■ **Dataset entries**
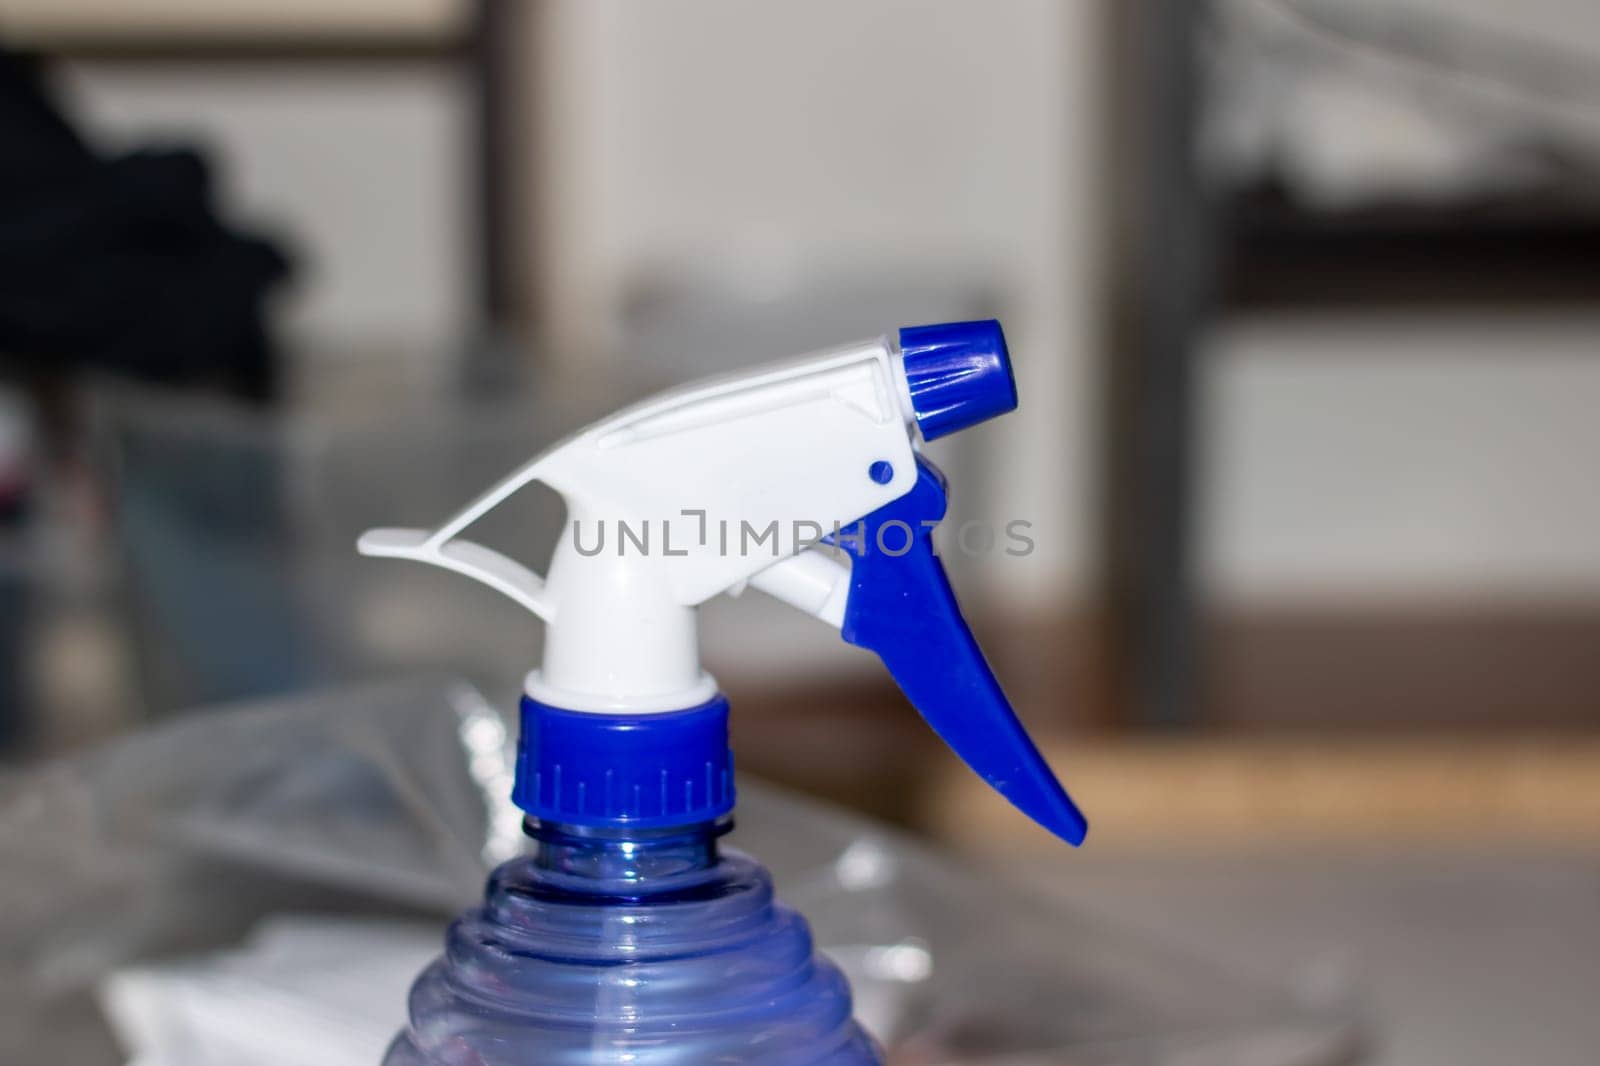 An electric blue and white spray bottle filled with liquid is resting on a table. The bottle contains a waterbased fluid, perfect for cleaning glass and plastic surfaces
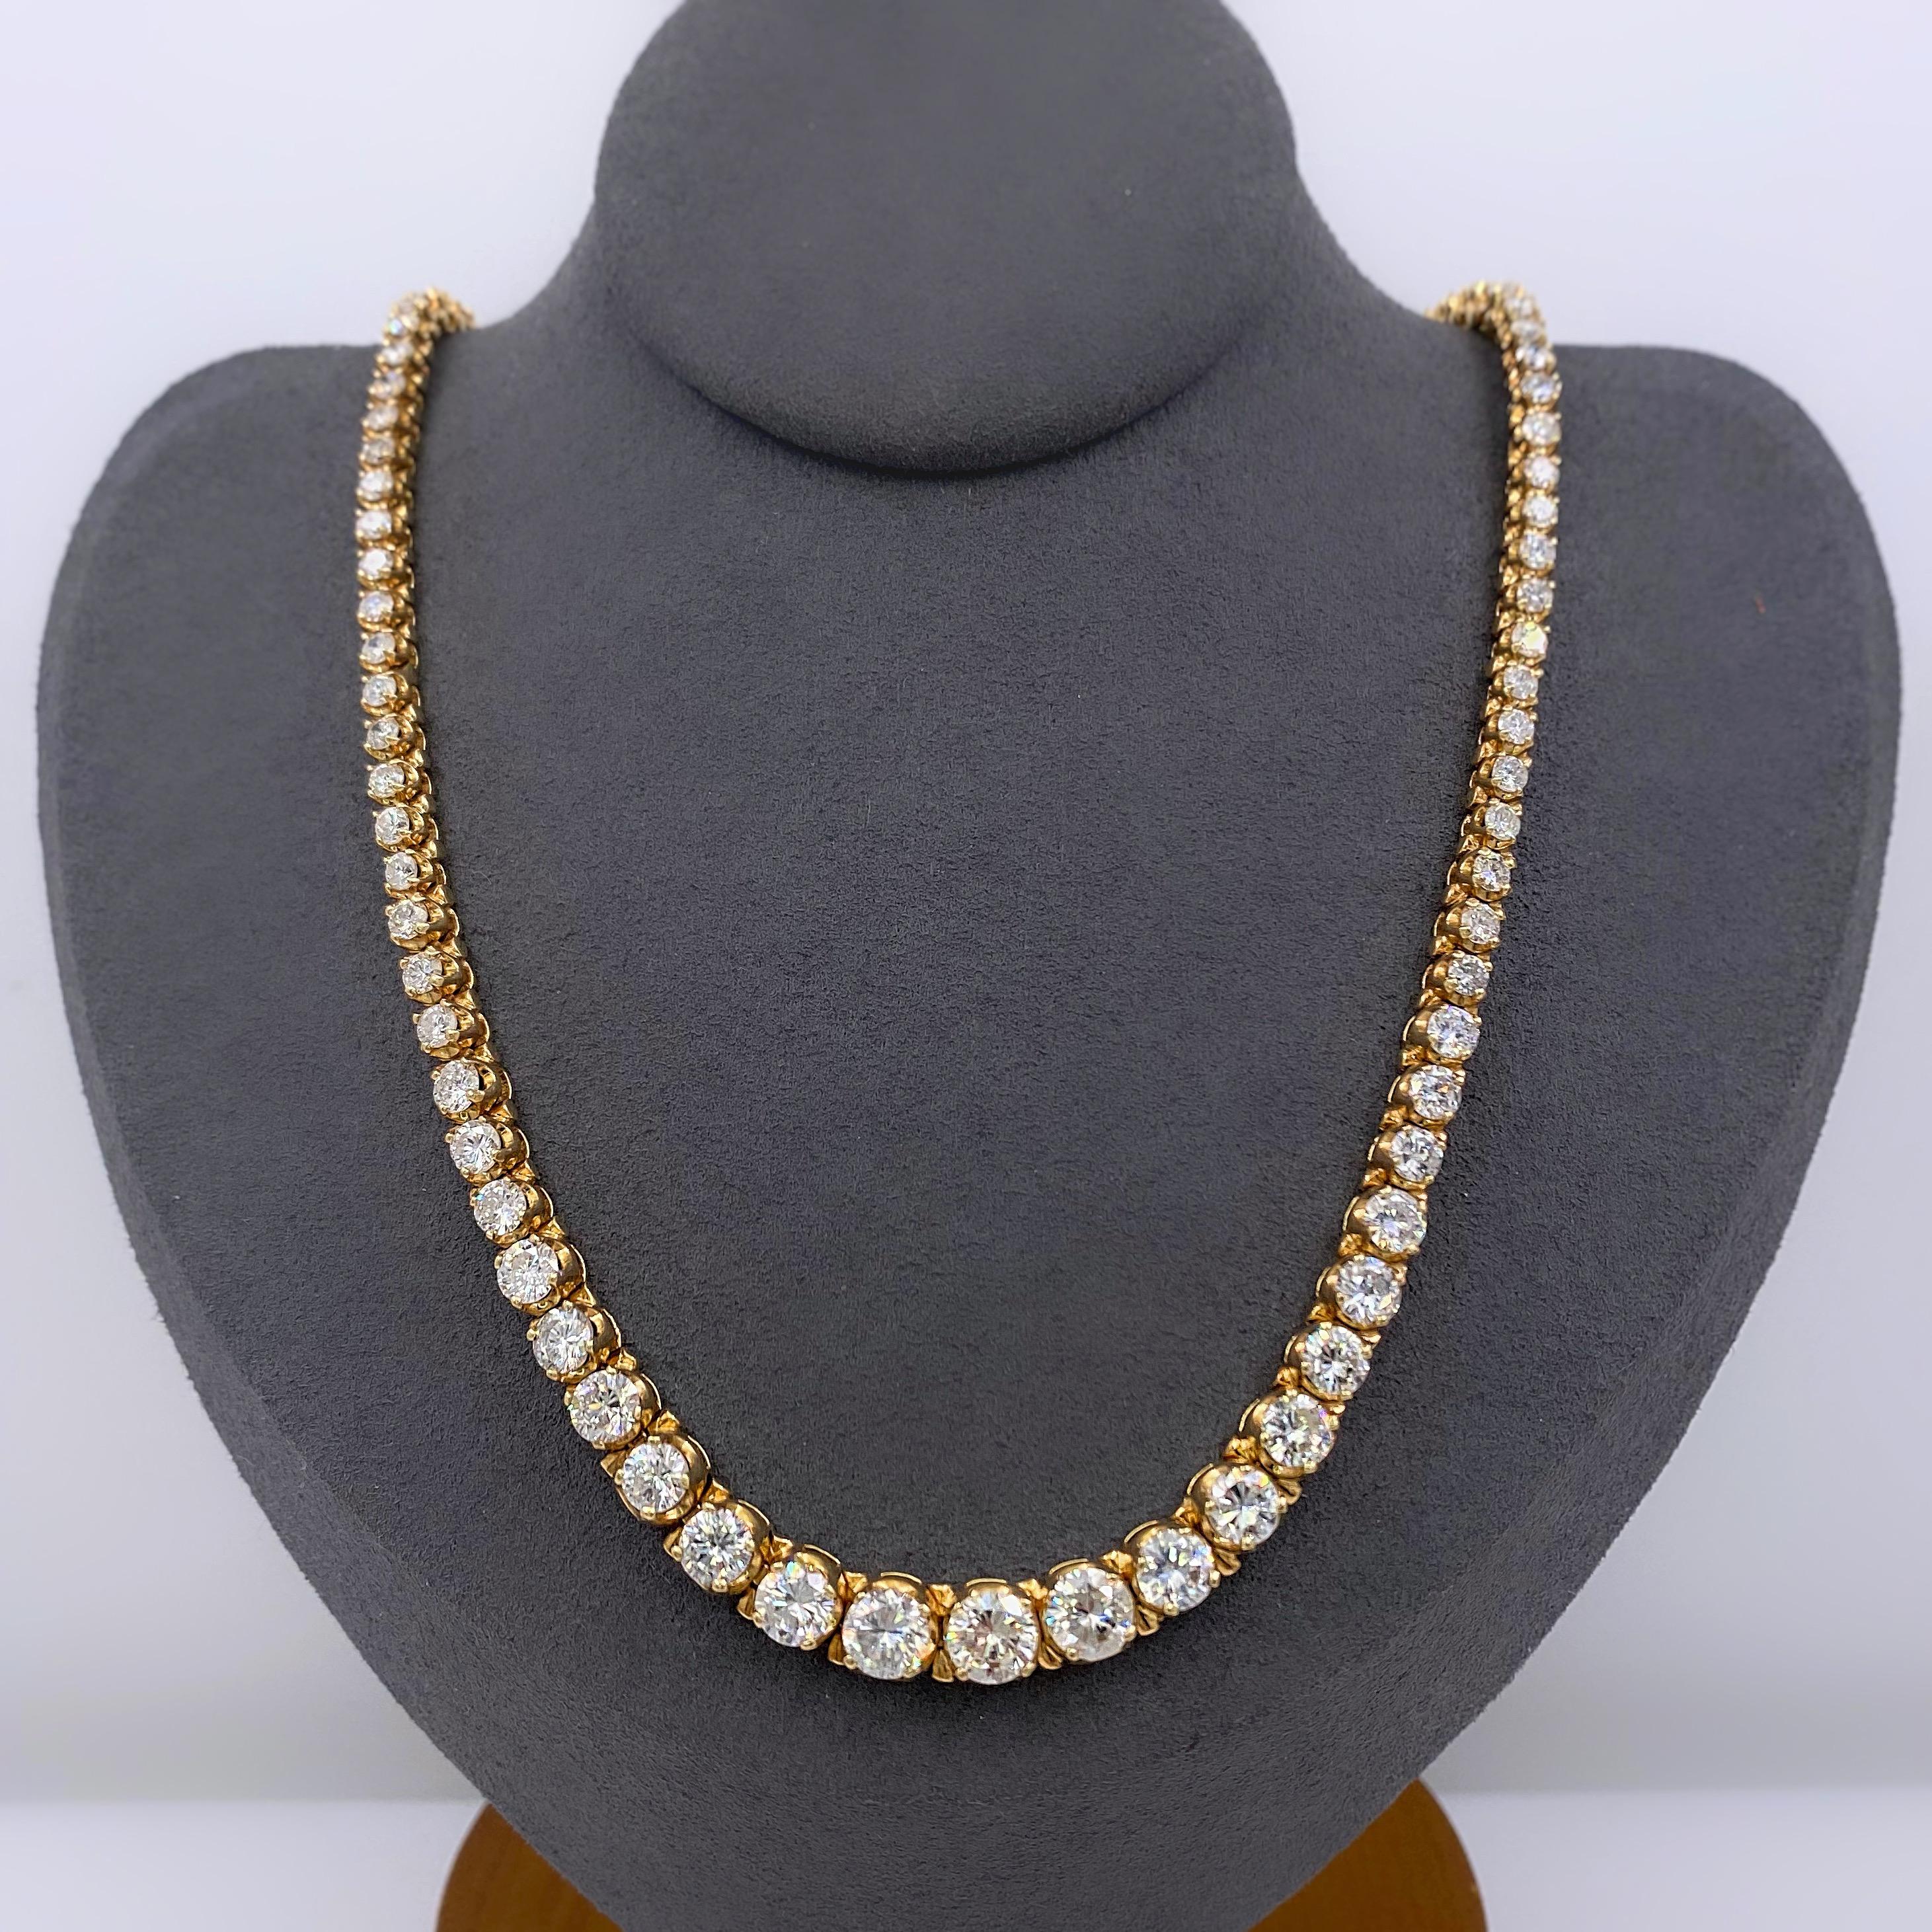 Diamond Riviera Necklace
Metal:  14k Yellow Gold
Length:  16' Inches
TCW:  12.00 tcw
Main Diamond:  101 Round Brilliant Diamonds 12.00 tcw
Color & Clarity:  H - I, SI2 - I1
Measurements:  Narrowest 3.55 MM to Widest 5.90 MM
Hallmark:  14K
Includes:

■ **Aim of the exercise**
Copy nothing except the lines from the one with "14k Yellow Gold" through the end of the records; keep each exactly as it appears, first and last included.

■ **Your solution**
Metal:  14k Yellow Gold
Length:  16' Inches
TCW:  12.00 tcw
Main Diamond:  101 Round Brilliant Diamonds 12.00 tcw
Color & Clarity:  H - I, SI2 - I1
Measurements:  Narrowest 3.55 MM to Widest 5.90 MM
Hallmark:  14K
Includes:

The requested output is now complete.